Type of database used by the metastore. Information schema & JDBCStorageHandler depend on it.
</description>
</property>
<property>
<name>javax.jdo.option.ConnectionURL</name>
<value>jdbc:derby:;databaseName=metastore_db;create=true</value>
<description>
JDBC connect string for a JDBC metastore.
To use SSL to encrypt/authenticate the connection, provide database-specific SSL flag in the connection URL.
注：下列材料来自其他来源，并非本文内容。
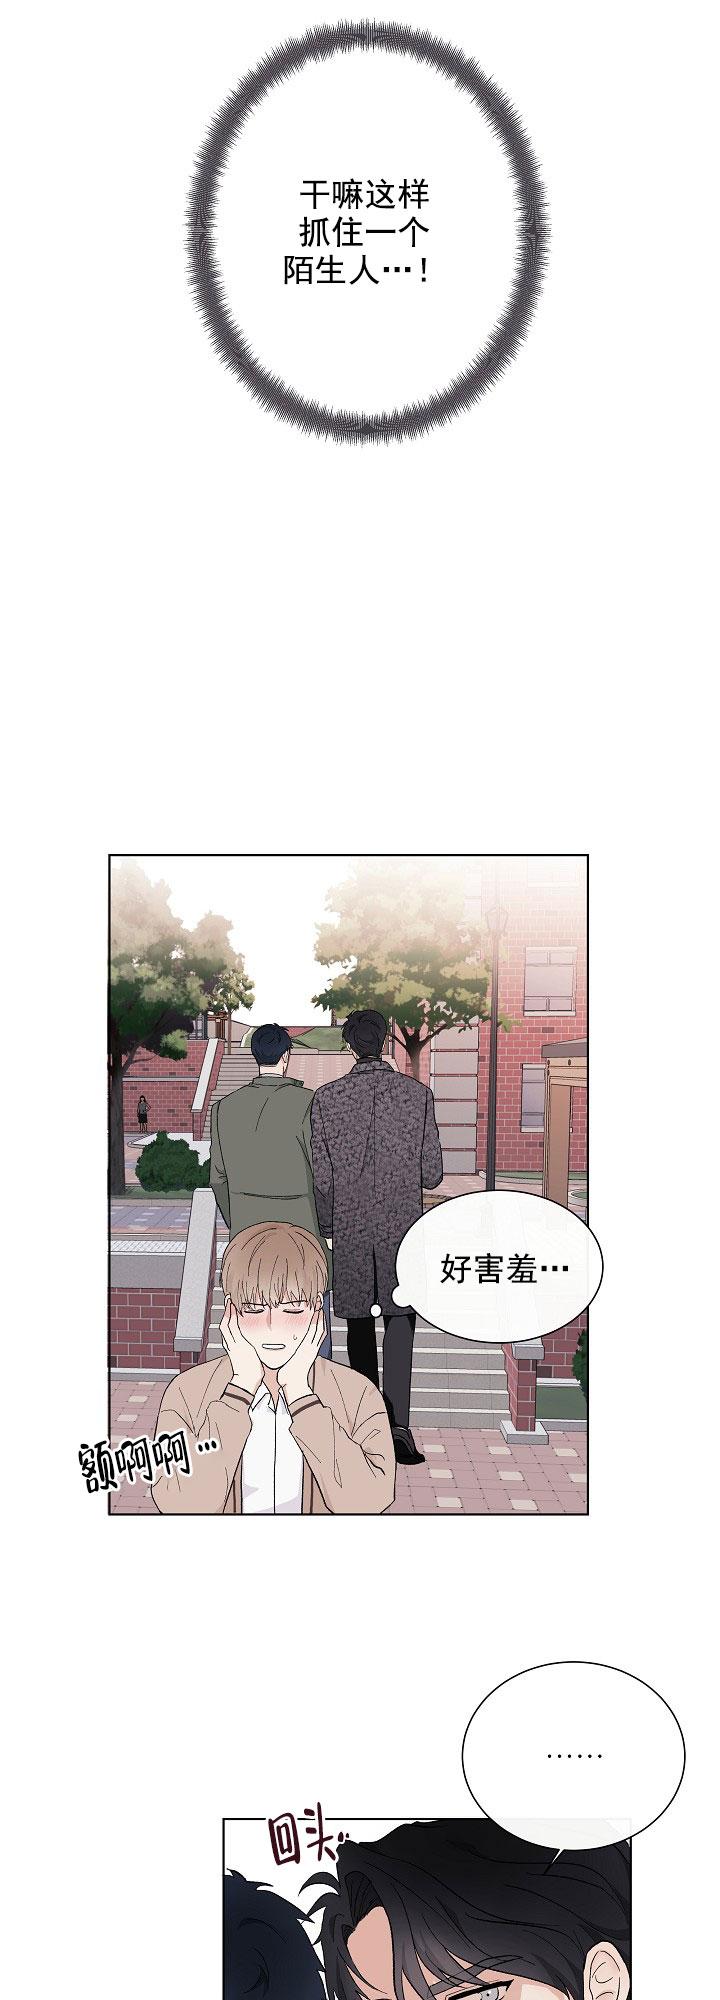 韩漫 |《恋爱练习》  腹黑年下的追妻大计  第19张

For example, jdbc:postgresql://myhost/db?ssl=true for postgres database.
</description>
</property>
<property>
<name>javax.jdo.option.ConnectionDriverName</name>
<value>org.apache.derby.jdbc.EmbeddedDriver</value>
<description>Driver class name for a JDBC metastore</description>
</property>
<property>
<name>javax.jdo.option.ConnectionUserName</name>
<value>APP</value>
<description>Username to use against metastore database</description>
</property>
<property>
<name>javax.jdo.option.ConnectionPassword</name>
<value>mine</value>
<description>password to use against metastore database</description>
</property>
<property>
<name>hive.metastore.uris</name>
<value/>
<description>Thrift URI for the remote metastore. Used by metastore client to connect to remote metastore.</description>
</property>
修改如下
<property>
<name>hive.metastore.db.type</name>
<value>mysql</value>
<description>
Expects one of [derby, oracle, mysql, mssql, postgres].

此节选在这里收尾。